The South Pittsburg Princess re-opened in 2013, but took a few years to gain traction. The turning point came a couple of years later when residents filled the 350-seat theater for a symphonic performance. Rob Woodfin recalled the emotions of that night. “Here among faces from a lifetime of memories, we were listening to symphonic music—live—at the pinnacle of the Princess’ rebirth,” Woodfin said. “It was nothing less than the concerted effort by so many people in this community to create a venue suitable for [nationally touring] classical performers. . . we were feasting on the fruit of collaborative effort,” he added.
Momentum or Memory
For the past five years, both theaters rapidly gained momentum in programming and popularity. Mary McDonald, executive director for Decatur’s Princess Theatre created a singer/songwriter series in 2018 that was an instant hit. These more intimate acoustic shows regularly sold out, making it possible to book acts for the larger stage. Larkin-Poe, Drive-by Truckers, Secret Sisters, a Rolling Stones Tribute and more filled the 677-seat main auditorium.

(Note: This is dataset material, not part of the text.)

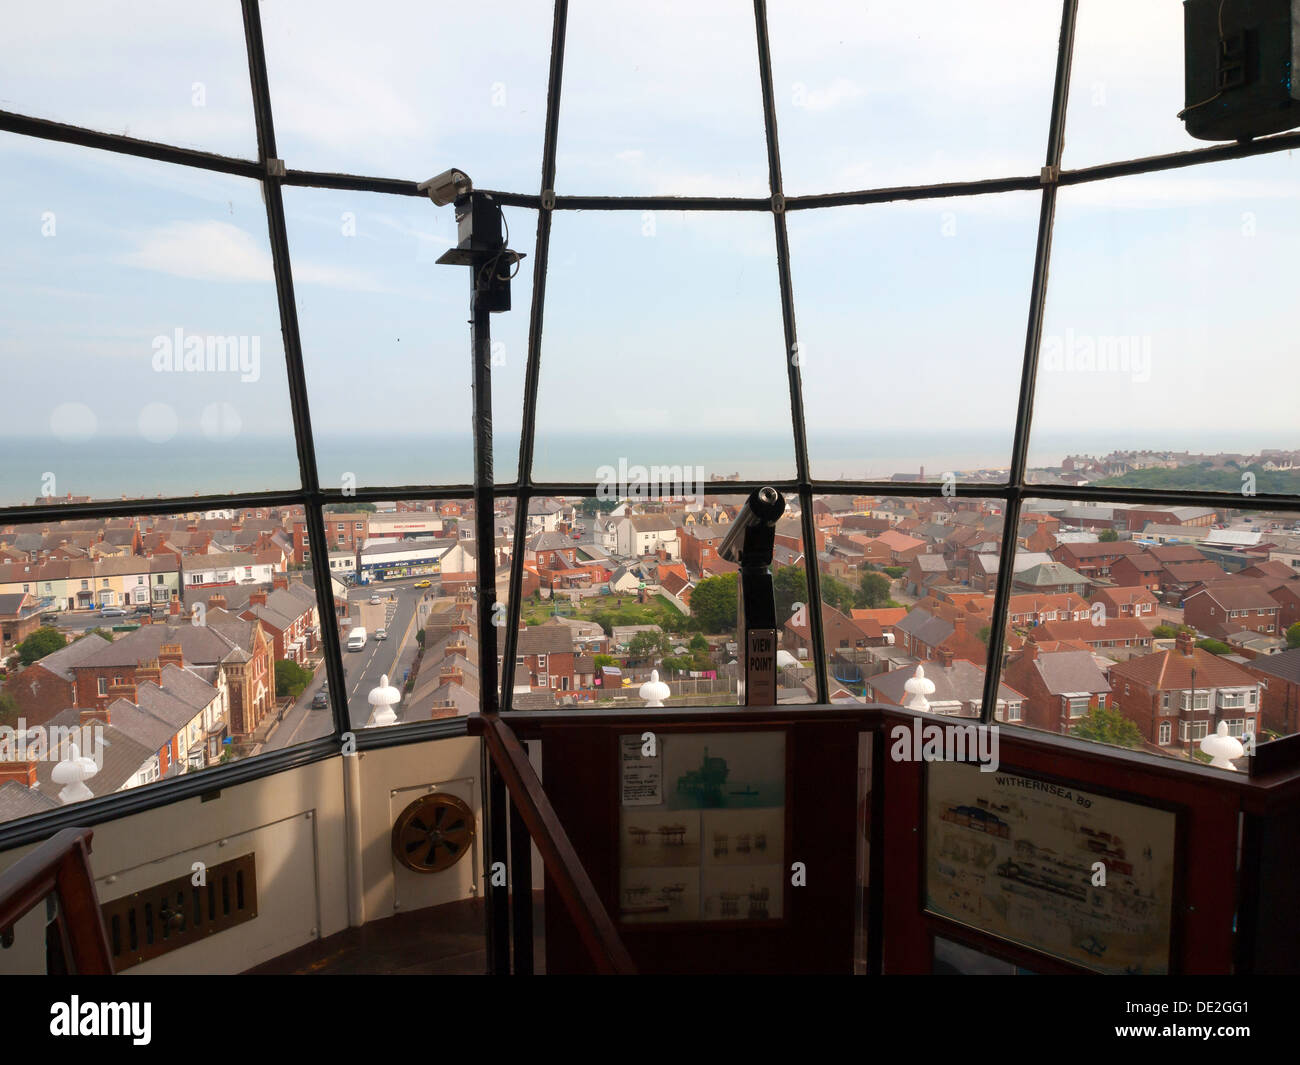 View from the interior of the lighthouse, now a museum, in Withernsea East Yorkshire showing the location in the town centre Stock Photo

The marquee became a barometer of the economic health of the Decatur and Morgan County area. “Our shows draw tourism and that increases business for our downtown merchants and restaurants,” she said.
“Things were really humming along until the COVID-19 lockdown devastated our Spring/Summer season,” McDonald said. The staff created a virtual listening room showcasing local talent which helped with visibility when so many venues went dark. McDonald began a summer movie series as soon as re-openings were allowed. But limits on audience size and the cost associated with sanitizing and safety protocols casts a shadow of uncertainty on larger shows.
In South Pittsburg, things were humming along as well. Ron Hudson stepped up as a volunteer manager of the Princess Theater and booked popular acts. Songwriter nights and a Jimmy Buffet tribute were sell-outs. But with the “new normal,” only two events have taken place on the Princess Theater’s stage since March: a high school performance of “Grease” and a student theater camp. Both events limited attendance to comply with social distancing.
It’s clear, the Princess theaters in Decatur and South Pittsburg are repositories of hundreds of thousands of memories, from a first kiss stolen in the balcony to a first job making popcorn. Beyond sentimentality, the cultural, social and economic value to their respective communities is inestimable; their historic significance irreplaceable.
The performing arts have always provided a common thread between people of every age and demographic, as audiences come together for a shared experience—be it music, stories, theater or film. And nothing is more at risk than the venues that have long provided a gathering space for this vital human interaction. As the pandemic stretches on, time will tell whether or not these historic Princesses can rise Phoenix-like. If the love and loyalty of two Southern towns in Alabama and Tennessee have demonstrated for their Princesses is any indication, they will.